» What you are asked to do: Exclude the pictures, and otherwise reproduce the data in full.
==== Available data
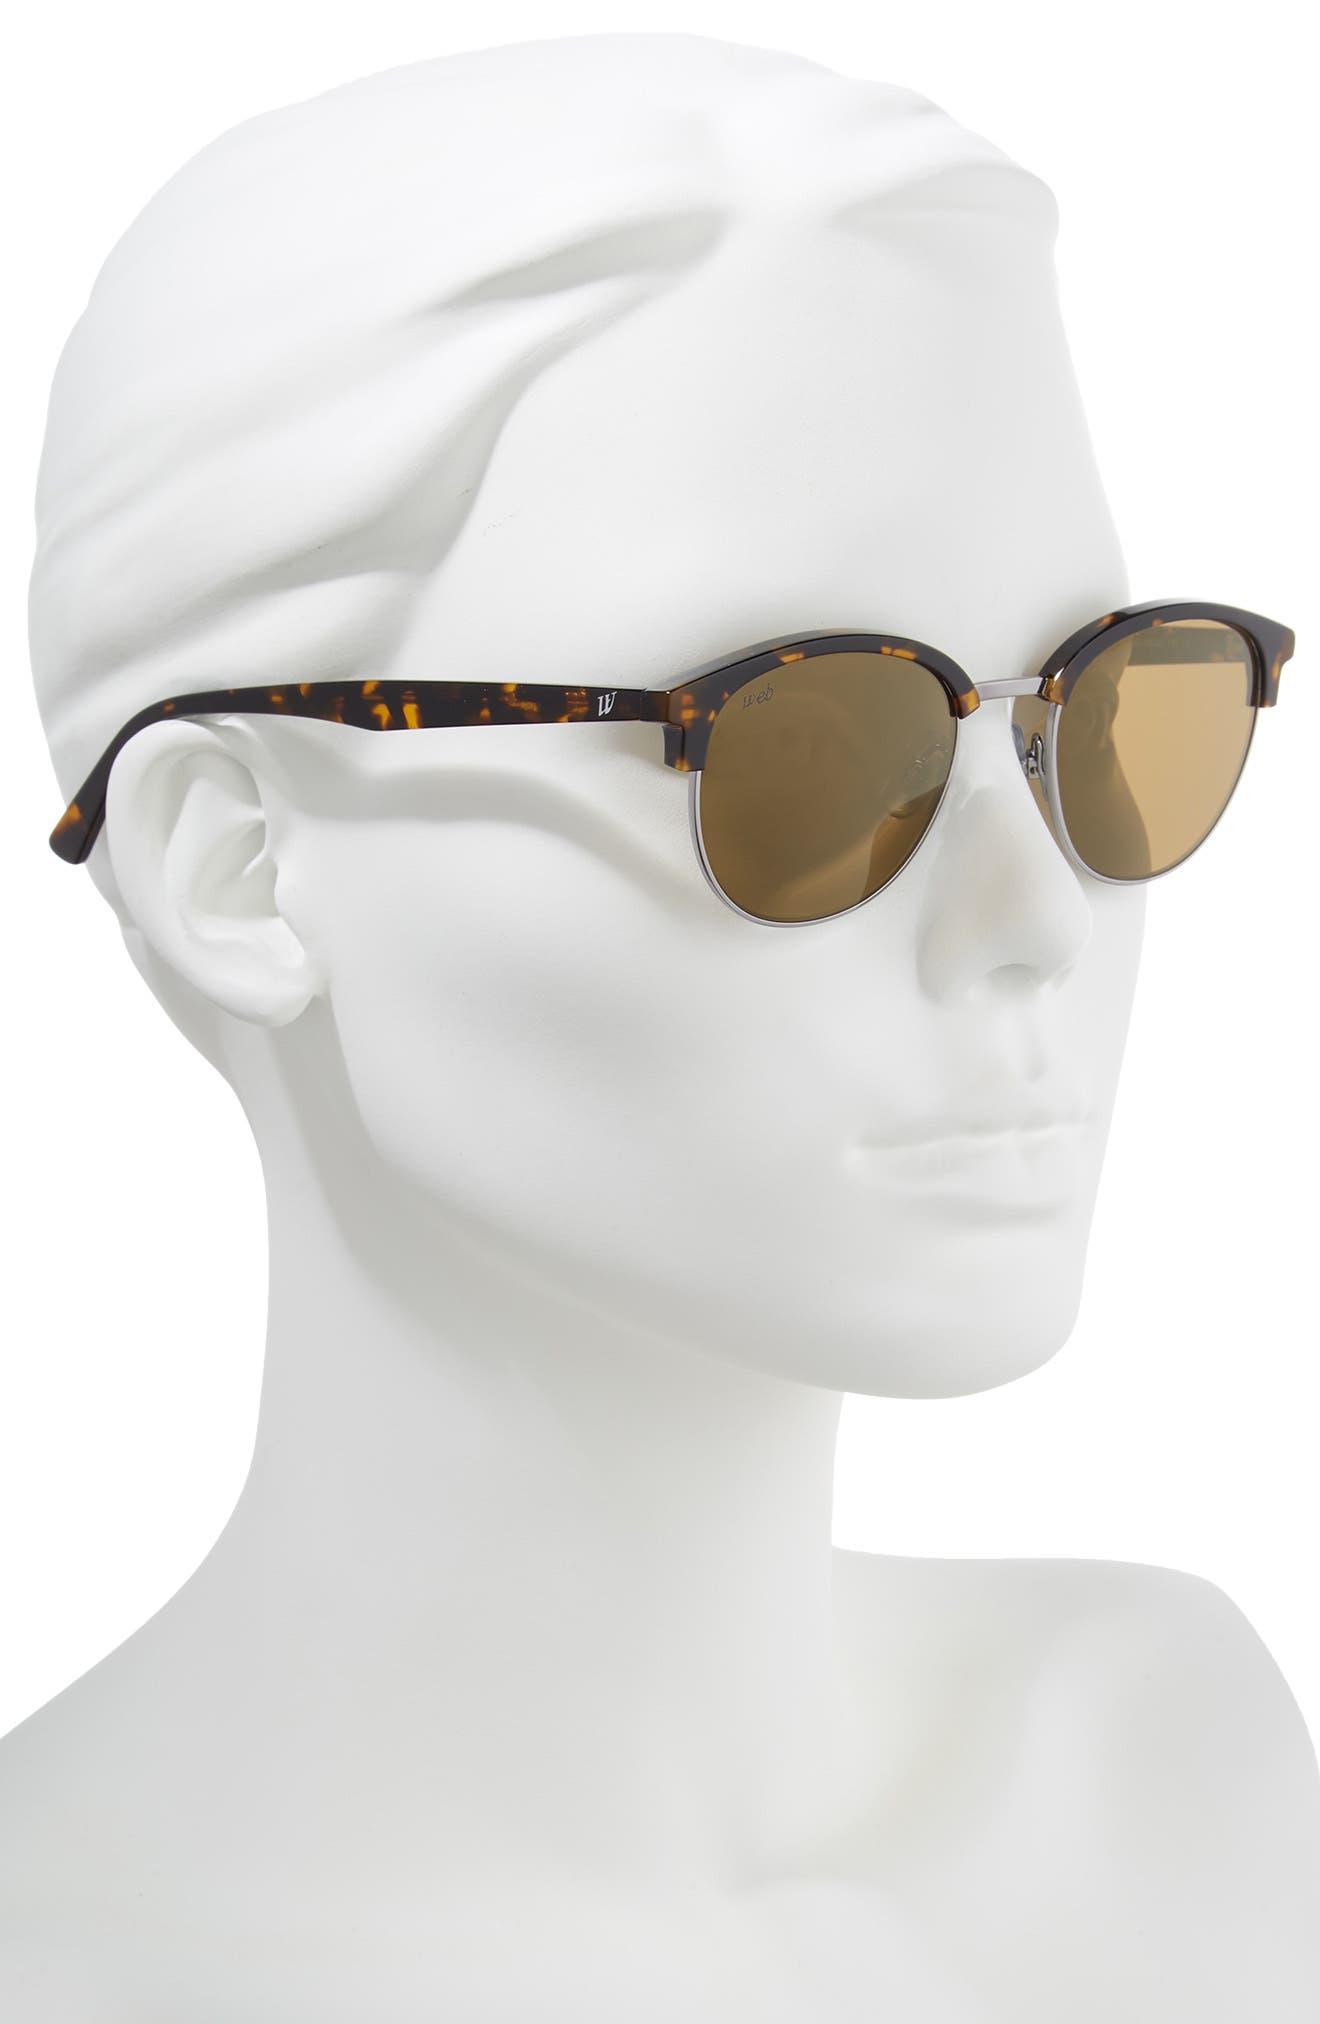 49mm Half Rim Sunglasses,                             Alternate thumbnail 2, color,                             Shiny Gunmetal/ Brown Mirror
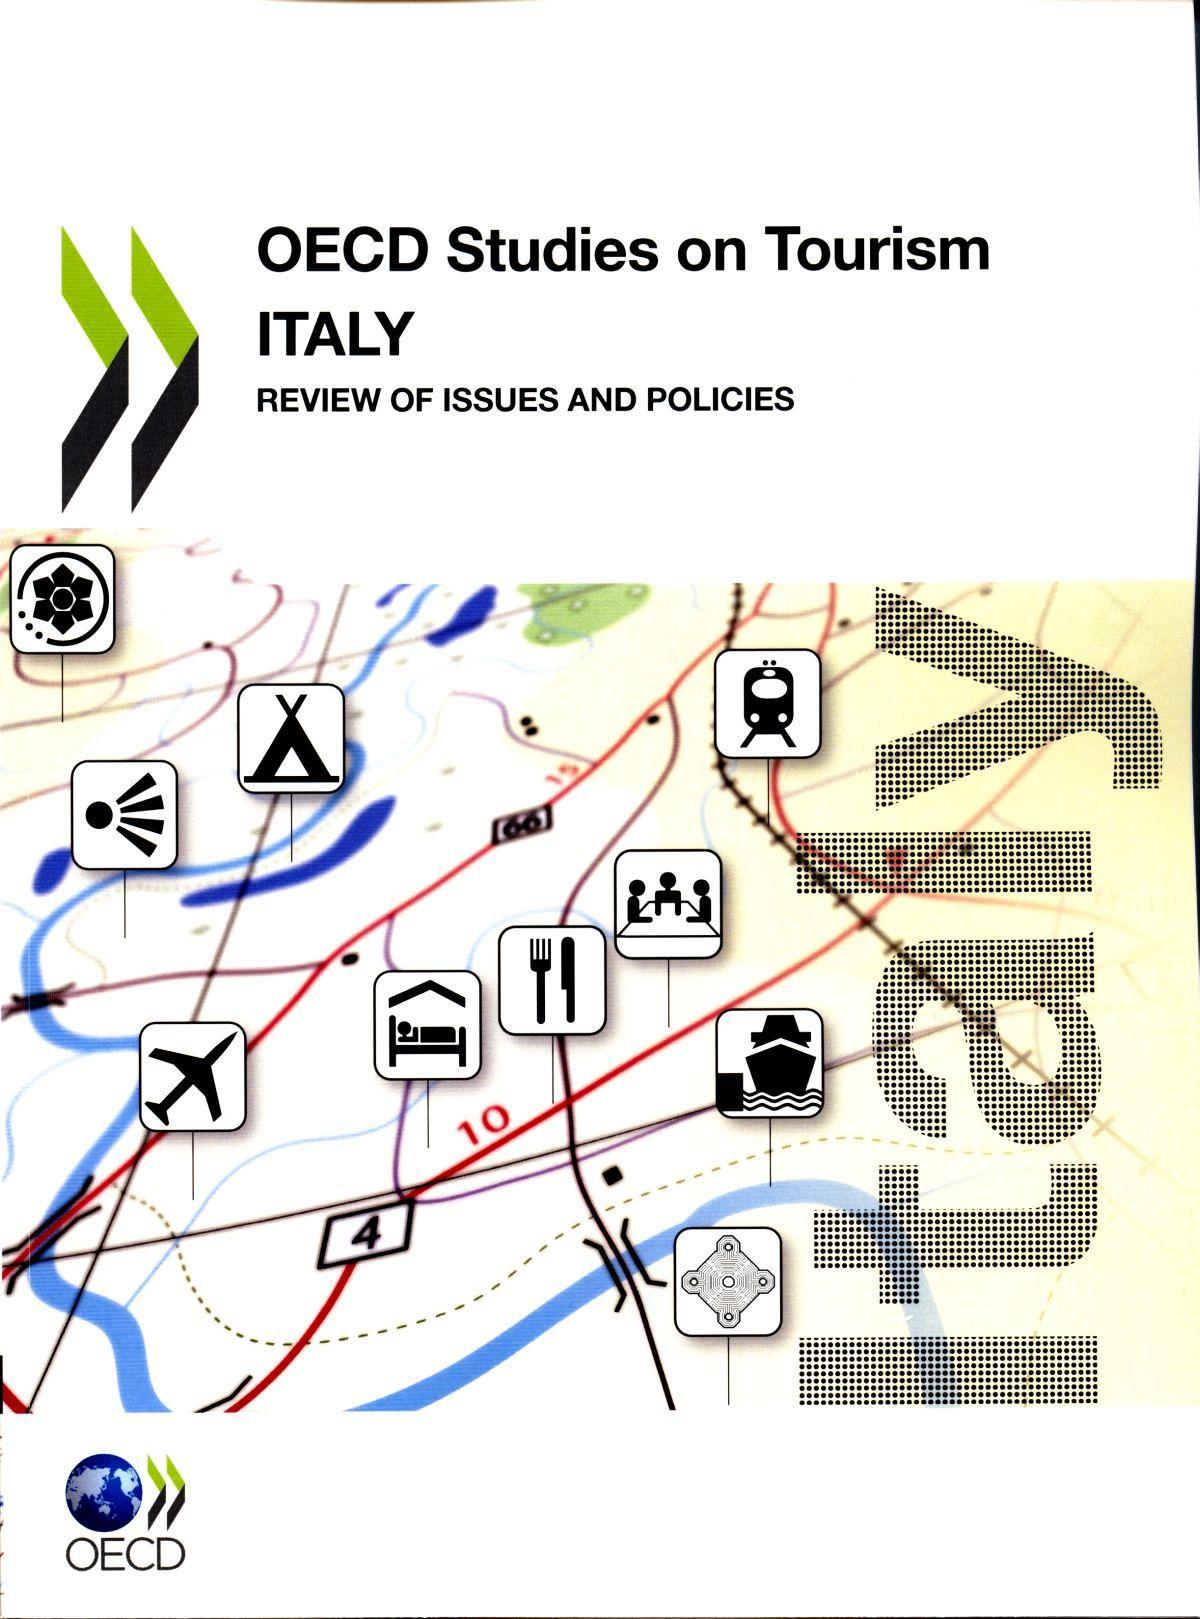 OECD STUDIES ON TOURISM : ITALY
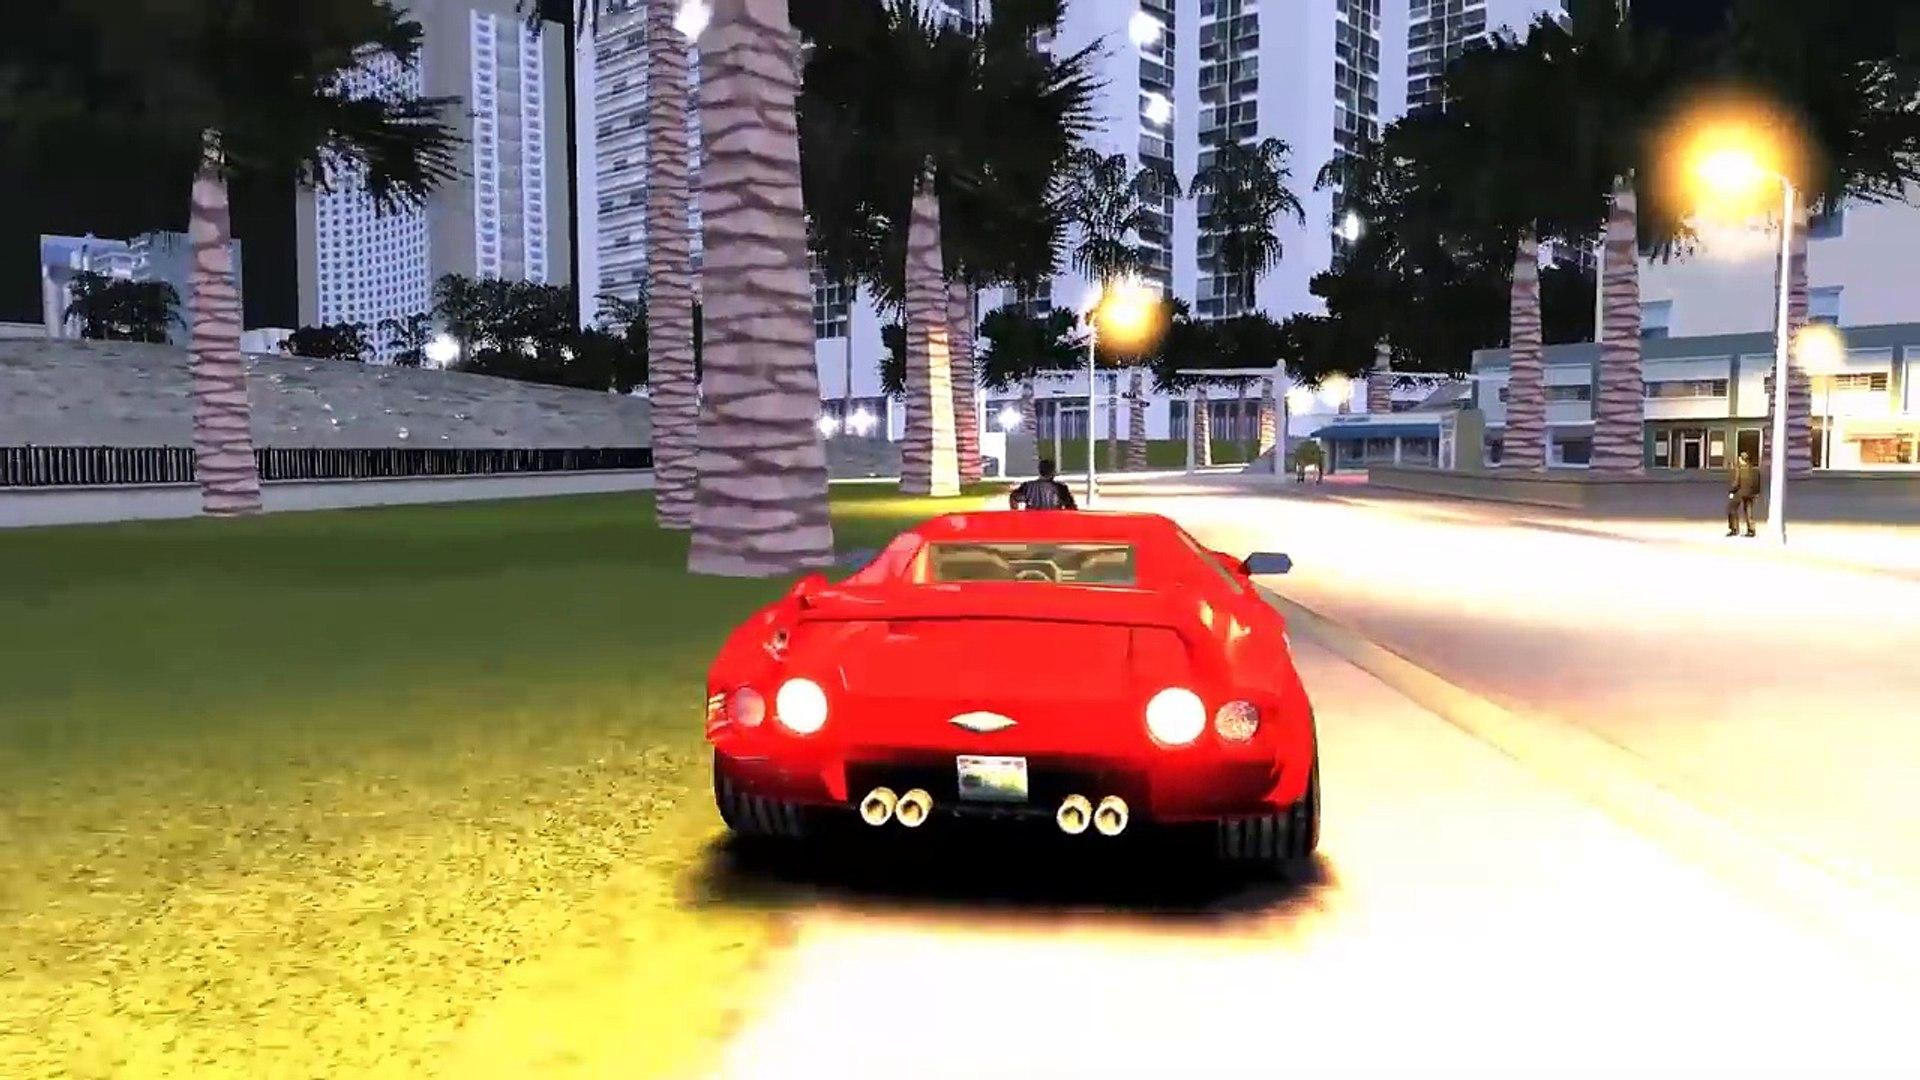 Grand Theft Auto Vice City Remaster with GTA IV Physics and Ragdoll  Euphoria Gameplay
========
» Written solution:
 49mm Half Rim Sunglasses,                             Alternate thumbnail 2, color,                             Shiny Gunmetal/ Brown Mirror
 OECD STUDIES ON TOURISM : ITALY
 Grand Theft Auto Vice City Remaster with GTA IV Physics and Ragdoll  Euphoria Gameplay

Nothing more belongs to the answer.